Palestinian political parties are also unable to operate freely in Jerusalem. Any event that is suspected of links to the PA is raided and shut down. In early January, for example, the Israeli police raided a meeting of a parents’ committee in the neighbourhood of Issawiya, where parents had gathered to discuss the shortage of teachers. Israeli officers informed them they were closing the meeting because it was a “terror summit”.
Worse still, the Israeli government has also made it clear that it is in no way committed to the status quo of the holy sites in Jerusalem. Recently, the Jordanian ambassador was violently expelled from Al-Aqsa compound by Israeli police who decided he cannot visit. This is despite the fact that Jordan holds the rights to administer that same compound and other holy sites in Jerusalem under an internationally recognised agreement.
Under the rules of the Jordan-run Jerusalem Waqf Department, non-Muslims are allowed to visit Al-Aqsa only during certain visitation hours and only if they respect the holy place. But in the past few years, we have seen more and more Jewish worshippers allowed by the Israeli police to pray in Al-Aqsa, in violation of these rules. Meanwhile, Palestinian Muslims from outside Jerusalem are regularly barred from visiting their holy place and praying.
It should also come as no surprise that while dispossessing the Palestinians of their homes, proper services, and even access to their holy places, Israel is also ramping up the economic oppression of the Palestinian people in Jerusalem.
Palestinian Jerusalemites suffer from high poverty rates and economic insecurity, which is only getting worse. In East Jerusalem, an estimated 77 percent of Palestinians live under the poverty line, compared to 23 percent of Jewish residents of West Jerusalem.
Palestinian businesses in Jerusalem are being suffocated, as Israel deepens our isolation from the rest of Palestine. A system of walls and military checkpoints deny access to Jerusalem to visitors and shoppers from nearby Jerusalemite towns like Abu Dis, Al-Ram, and Hizma, as well as from the West Bank and Gaza. This isolation has been detrimental to the local economy.
In addition, Palestinian business owners face exorbitant taxes without any support from the Israeli state or the PA. This has led to the closure of at least 250 Palestinian-owned shops in recent years, according to local media.
Indeed, Jerusalem does need assistance, including financial support. The PA is hoping that the conference in Cairo will help raise much-needed funds to support the educational and healthcare sectors and give the local economy a much-needed boost of foreign investment.

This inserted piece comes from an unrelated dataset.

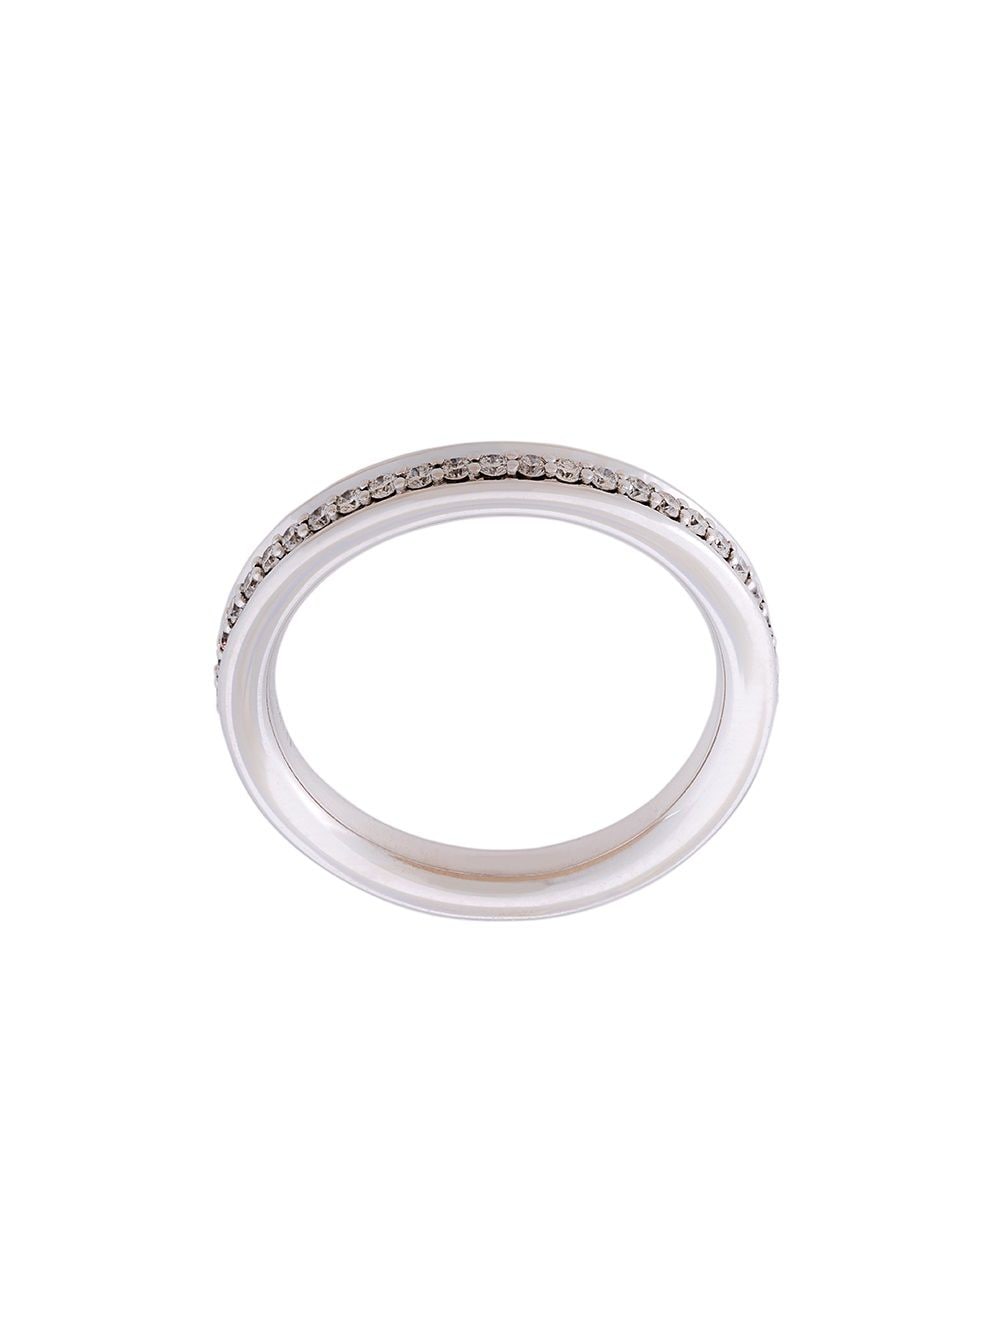 ALINKA 'Tania' thumb ring diamond full surround - Metallic von ALINKA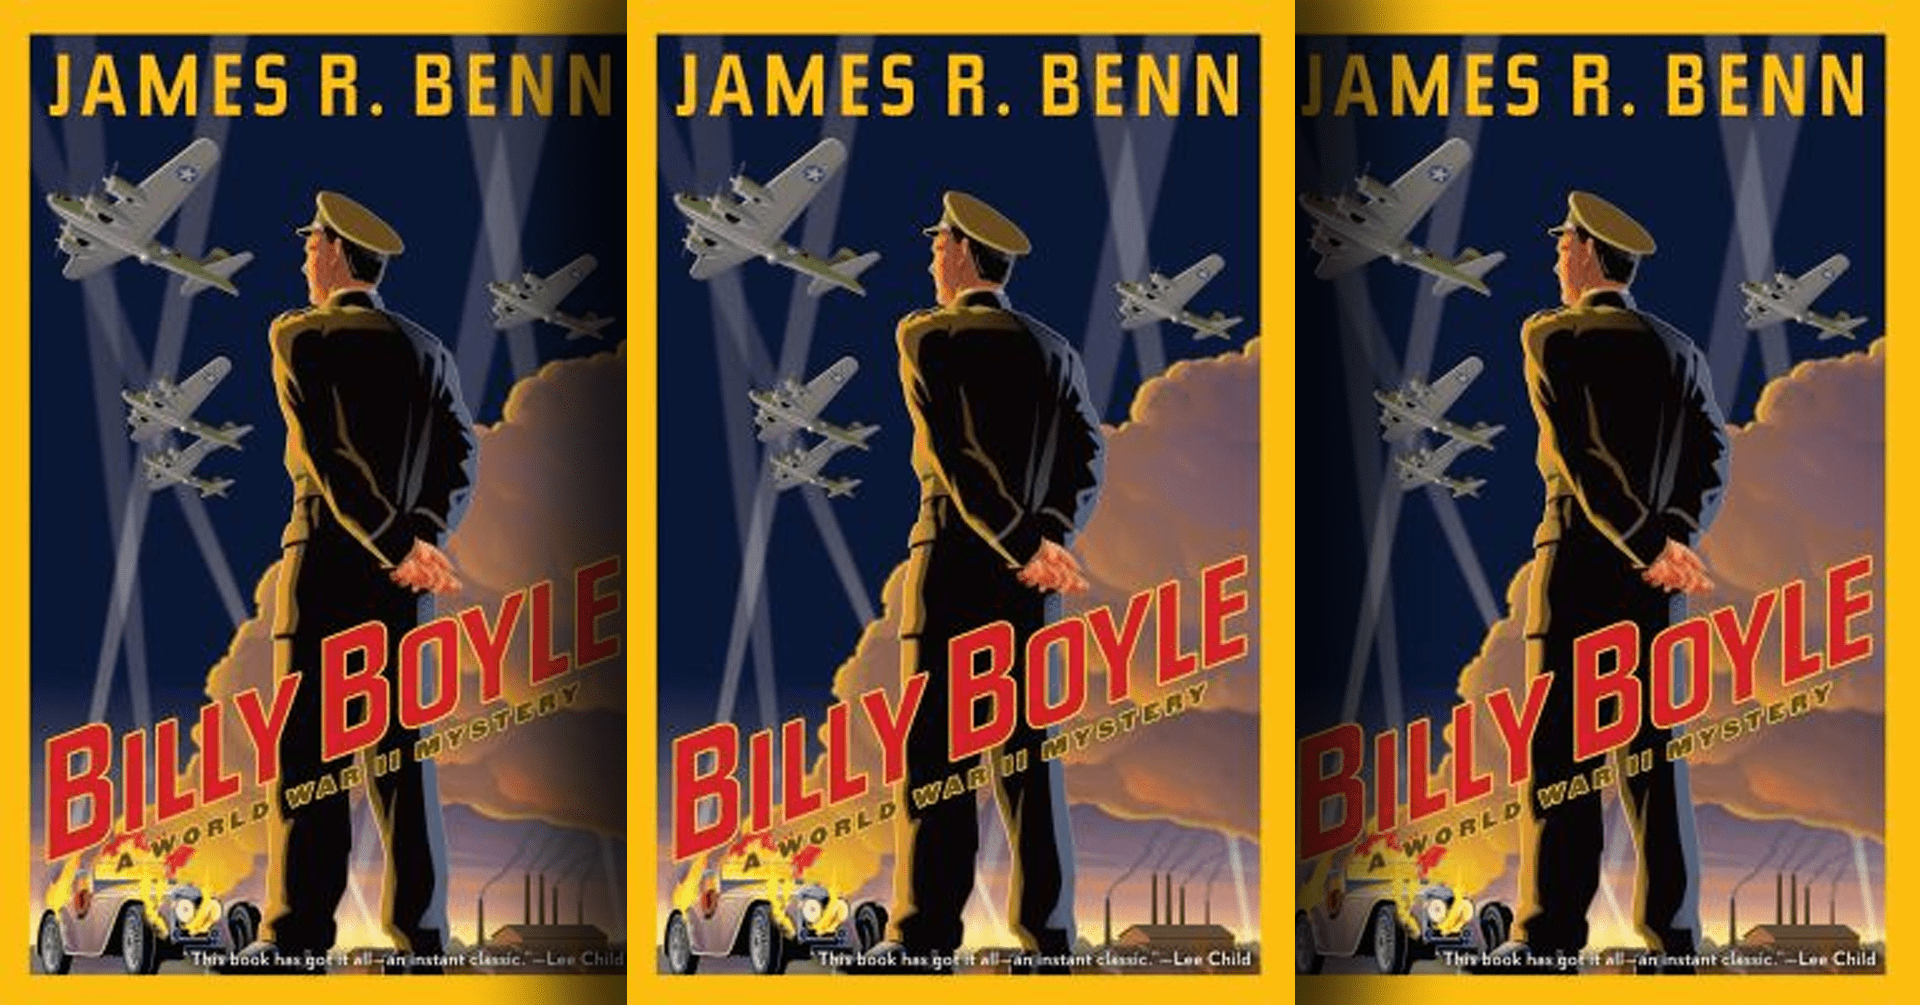 Book Cover: Billy Boyle by James R. Benn

But any such support – if it indeed materialises – would only bring limited, temporary relief to Jerusalemites. Our city suffers from occupation and apartheid. We need action on the political front and we need it immediately. Strongly-worded condemnation and communiques will not do.
Indeed, we Jerusalemites are known for our “sumoud” (steadfastness) and it should be celebrated at international forums like the Arab League. But under the oppression of a merciless occupier, we are getting near the limits of our resilience.
The views expressed in this article are the author’s own and do not necessarily reflect Al Jazeera’s editorial stance.